# Drössiger HTA 650B



## olleg69 (12. Juli 2015)

Moin,
hat jemand von euch solch ein Bike in 17 Zoll?! Ich bräuchte ein Bild von der Seite. Ich trage mich mit dem Gedanken solch ein Bike aufzubauen, bin aber etwas unschlüssig bei der Grösse , da das Oberrohr ja recht tief, mit wenig Überstandshöhe daherkomnt.
Ich habe knapp 1.78 Körperhöhe und knapp 82cm Schritthöhe und schwanke zw. 17/19 Zoll.

Grüsse


----------



## LittleBoomer (27. Oktober 2015)

Hallo,

ich habe zwar keines aber letztendlich die gleiche Idee. Ich würde mir gerne über den Winter ein HTA650B aufbauen.
Gibt es denn den Rahmen einzeln zu kaufen ? Ich kann auf der Drössiger-HP diesbezüglich nichts finden und Anfragen bei Drössiger blieben bisher unbeantwortet.
Wenn ja, kennst Du den Preis ? Kostet die freie Farbwahl extra ?

Danke für Deine Hilfe.

Grüße
LittleBoomer


----------



## MTB-News.de




----------



## Sven12345 (30. Oktober 2015)

Drössiger Rahmen bekommt man über einen ortsansässigen Fahrrad-Händler, der Drössiger im Programm hat.
Nix Online-Shopping oder so....

Die Farben aus der Palette sind kostenlos.
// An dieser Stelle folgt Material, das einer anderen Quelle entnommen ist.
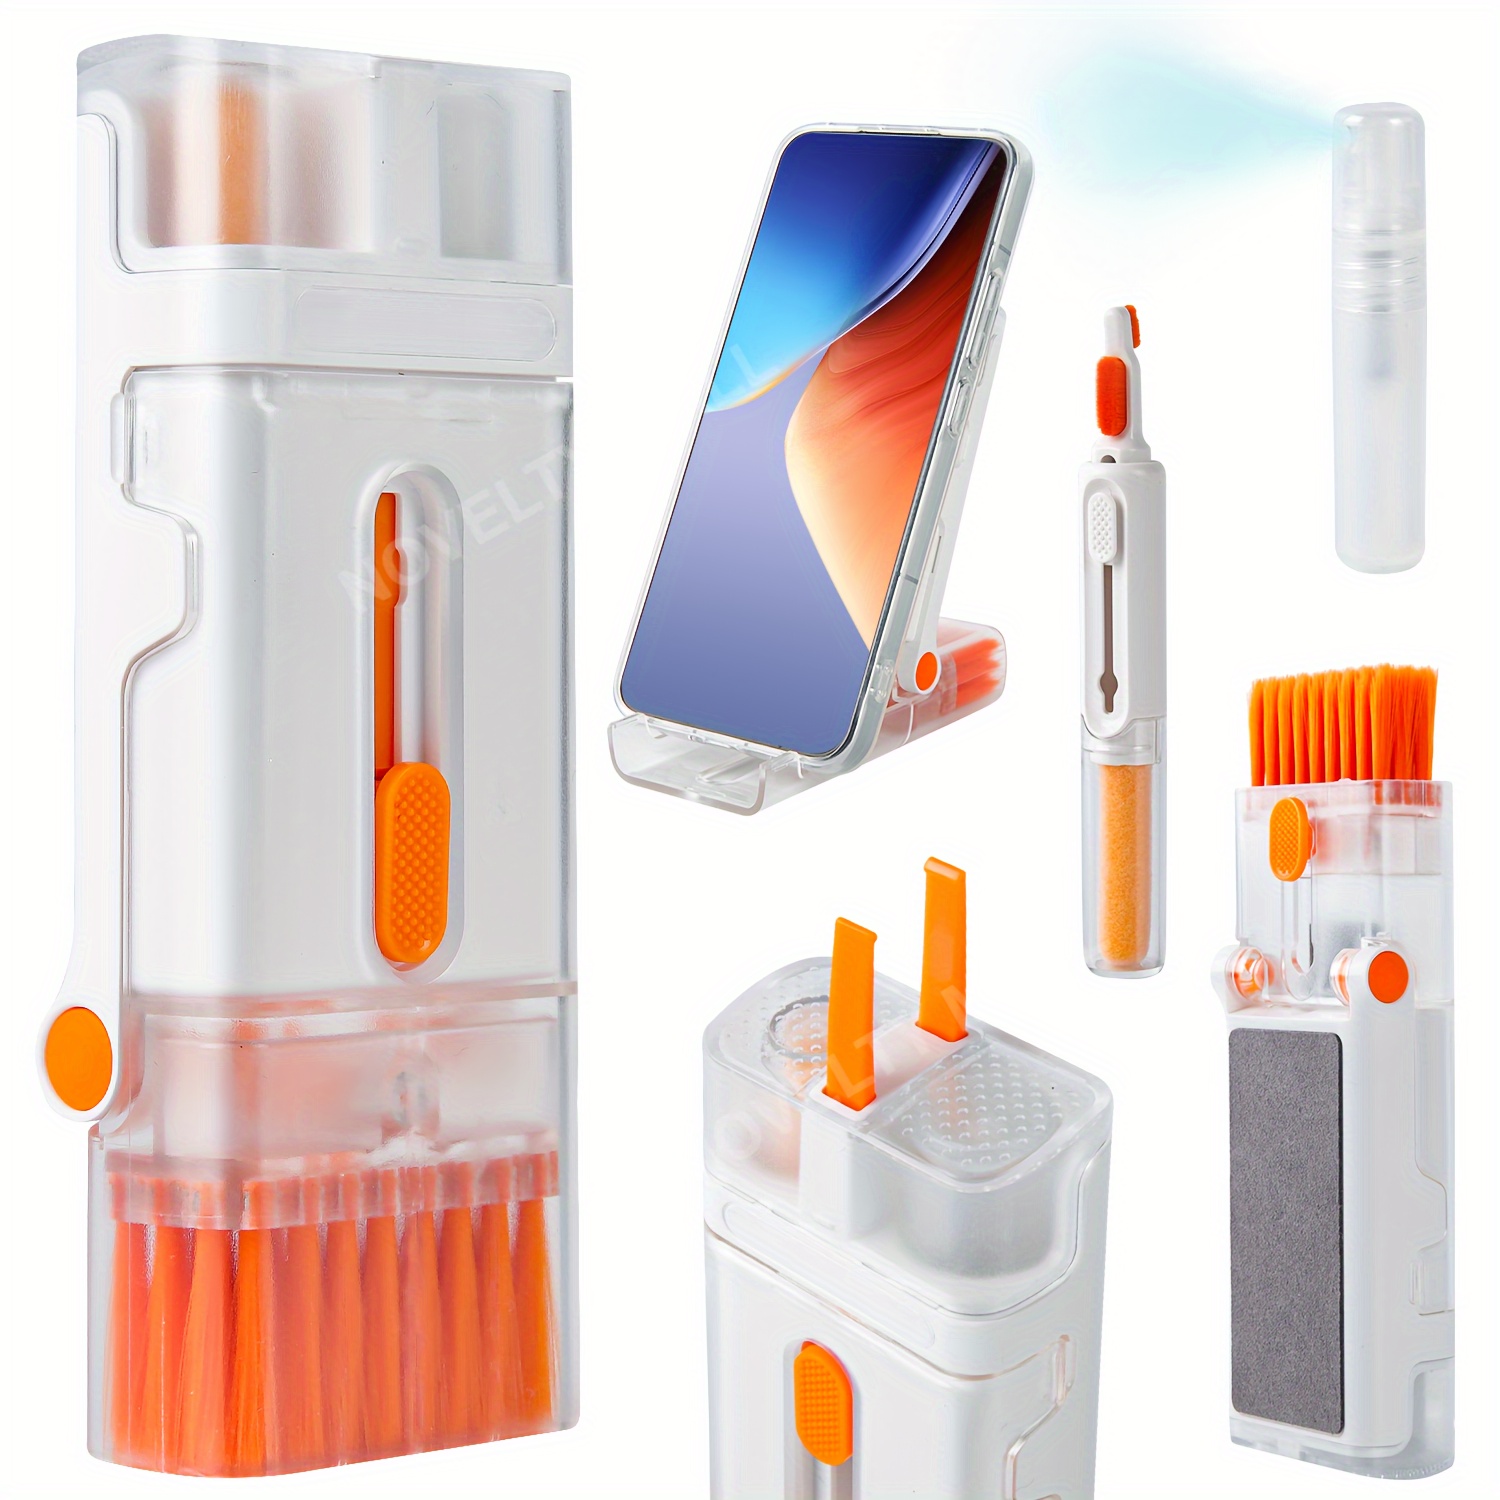 Kit de limpieza de teléfonos móviles para Iphone, Airpods, cámaras

Die Preise für die Rahmen müssten auf der Drössiger Homepage stehen.

Ich hab das letztes Jahr auch so gemacht, dass ich mir einen Laden gesucht hab, der das Bike in meiner Größe da hatte (musste ca. 100km dafür fahren) um es Probe zu fahren.
Ich hab das Testrad dann auch gleich gekauft, weil ich einen sehr guten Preis bekommen hab (und hab damit sehr viel Geld gespart, im Vergleich zum Kauf von Rahmen + Komponenten)

Schönen Gruß


----------



## LittleBoomer (4. November 2015)

Danke für die Info.

Grüße
LittleBoomer


----------



## geomiaoei (14. Mai 2017)

Die Farben aus der Palette sind kostenlos. Die Preise für die Rahmen müssten auf der Drössiger Homepage stehen.


----------